Michael Mandiberg, Professor of Media Culture at the College of Staten Island, is in the midst of a unique investigation into stock photo images, which we see every day in ads and other media.

Their project, Taking Stock, used artificial intelligence (AI) to analyze 130 million stock images to create not only new works of art, but also to gain an understanding of characteristics that these images have in common. The results are a series of fascinating images and videos.

Explaining their motivation for undertaking this project, Mandiberg said, “AI tools that create images and text, like chatbots, have gained a lot of attention by figuring out patterns in huge amounts of data. News reports often talk about how this data can be biased, but we don’t fully understand how big or important the biases in the data are. People know the data isn’t perfect, but no one has explained exactly what those biases look like. I wanted to see what I could learn by looking at the actual data using both creative and analytic approaches.”

Methodology and Findings

Mandiberg’s methodology involved creating a program that downloaded every image of an individual person from a wide variety of stock photo Websites—from large sites like Shutterstock through smaller collections like Afripics. The process that they employed is referred to as “scraping.” In all, Mandiberg collected 130 million pictures.

As one would imagine, performing an analysis of that many images can be a daunting task, but Mandiberg was up to the challenge. “I started by writing code with AI and machine learning tools to check if an image had a face, where the face was, and which way it was looking,” they explained. “I focused on five million images where the face was looking straight at the camera. I also studied the position and gestures of the person’s hands.”

Mandiberg also looked at metadata, such as keywords, gender, ethnicity, age, and location, with which photographers tag their images. They then used an AI tool to sort the images according to similar keywords and identify common topics and themes. “I used an AI tool to group images by similar keywords and find topics or themes. As a result, the program created 64 topics, which were each named after the first three keywords in each group.”

They noted that “The largest group was about clothing, like ‘shirt, clothes, jeans’. The second largest was ‘business, corporate, executive’, which was expected. But the third largest surprised me: ‘finger, gesture, point.’ These are images of people pointing at blank spaces or holding empty phones, which is an unusual gesture that AI is mistakenly learning we do all the time.”

During the process, Mandiberg had some other discoveries, which shed light on commonalities among the images. “Some of what I found wasn’t surprising: most of the images show young white people smiling happily. But other things stood out: about two-thirds of the images are of women, while only one-third are men. I wasn’t surprised that most of the images come from North American and European photographers. But I was surprised to learn most of these were made in Eastern European countries that used to be part of the Soviet Union. Ukraine and Russia alone each created more than twice as many images as the United States. These countries have predominantly white populations, and their images reflect that. Less than 10% of the images from these countries include ethnicities other than white/Caucasian/European.”

Creating New Images and Videos

“To make the prints for Taking Stock,” Mandiberg stated, “the code selects images from one of the themes (like “finger, gesture, point”). It picks images where the person is looking forward, their right hand is near their mouth in a pointing gesture, and their left hand isn’t visible. From thousands of images, the code combines the 64 images that are the most similar in the group.

When analyzing faces, I used face recognition code to calculate a unique ‘face signature’ for each person. To create the videos, the code looks at body poses and gestures and chooses each image based on how similar the faces are. It finds multiple images of the same person or someone who looks very similar. This creates a smooth transition between the fast-moving images.”

Each set of 64 images produces what Mandiberg calls a “ghostly image of a person from the waist up that represents the much larger cluster, but if you look closely, you can see halos of each person from the individual layers, as well as their watermarks and square edges. The image is sharp around the nose, mouth, and eyes but gets blurry toward the edges. This is a blur unlike any I have seen before. It is a statistical blur that visualizes how probability impacts the process of generating AI images.” 
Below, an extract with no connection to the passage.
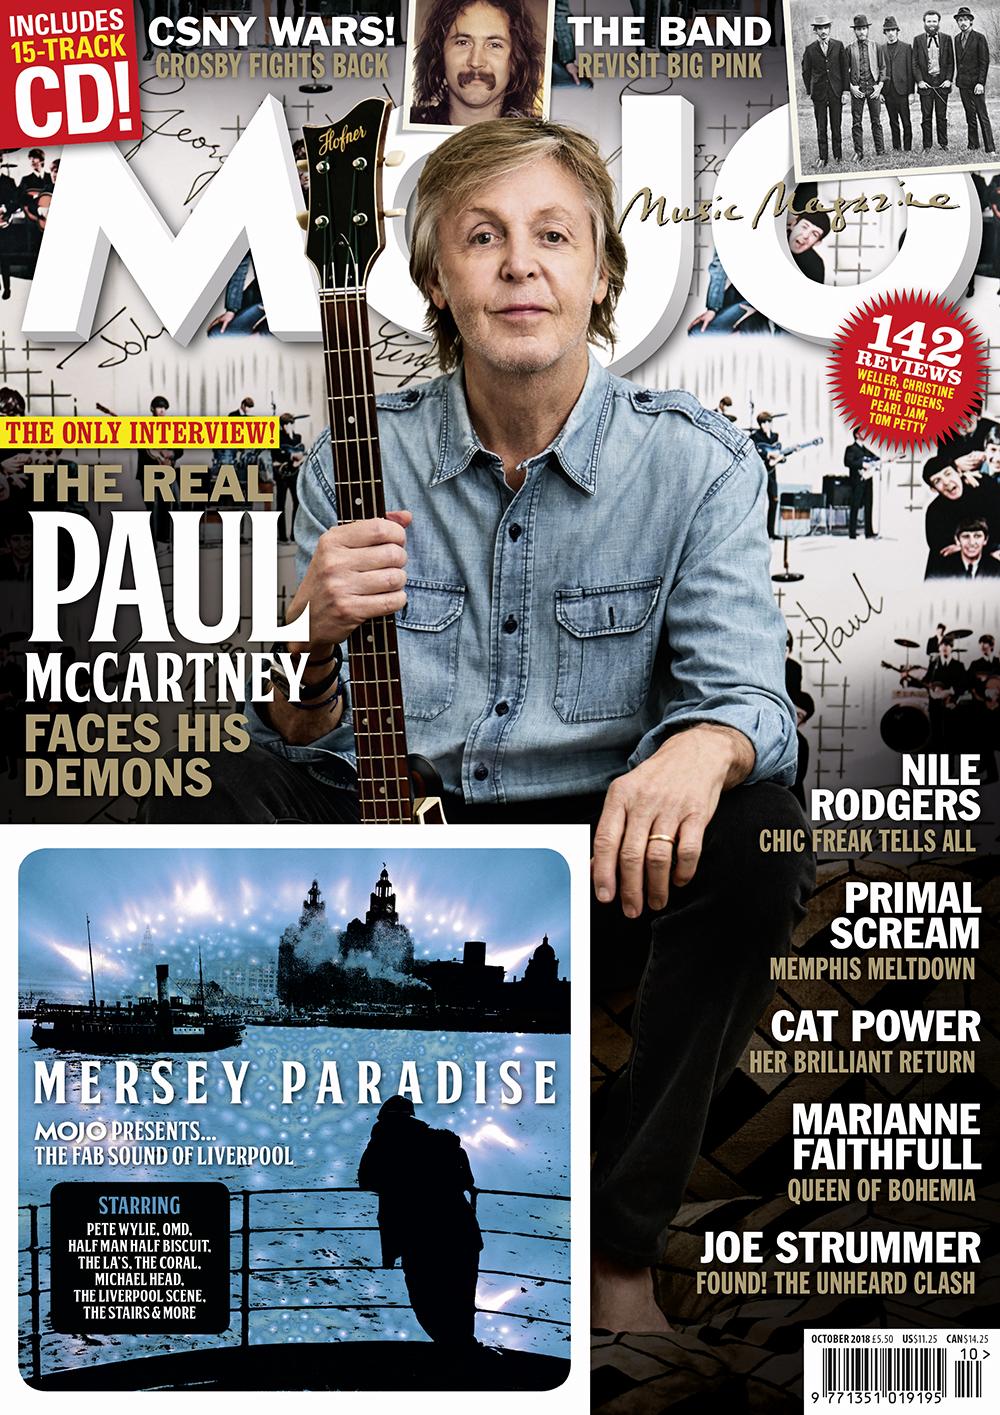 MOJO299_McCartney_CD_1000.jpg

These images will contain a variety of gender presentations, depending on the gender breakdown within each topic. “The ‘fashion, beautiful, pose’ image has traces of lipstick and tumbling long hair,” they explained, “while the ‘business, corporate, executive’ image has short hair, the traces of a moustache, and the clear contours of a business suit and tie. Most images, however, show varying degrees of androgyny.”

What does Mandiberg hope the viewing public will get from these works? “I hope the average viewer will gain an understanding of the hidden patterns in the images that shape our visual culture, and how AI learns and then replicates these patterns. This understanding may be an emotional one, in response to the visual images, or it may be more analytic. Both lead to different forms of understanding.”

Looking to the Future

As Taking Stock has already received press attention in Brooklyn Rail, as well as noteworthy exposure, last fall, at the Paris Photo fair, Mandiberg commented that they now face the monumental task of analyzing all of the project’s data. They also reported that in May, a Swiss museum will feature the project in an exhibition, and in an essay in the accompanying catalog.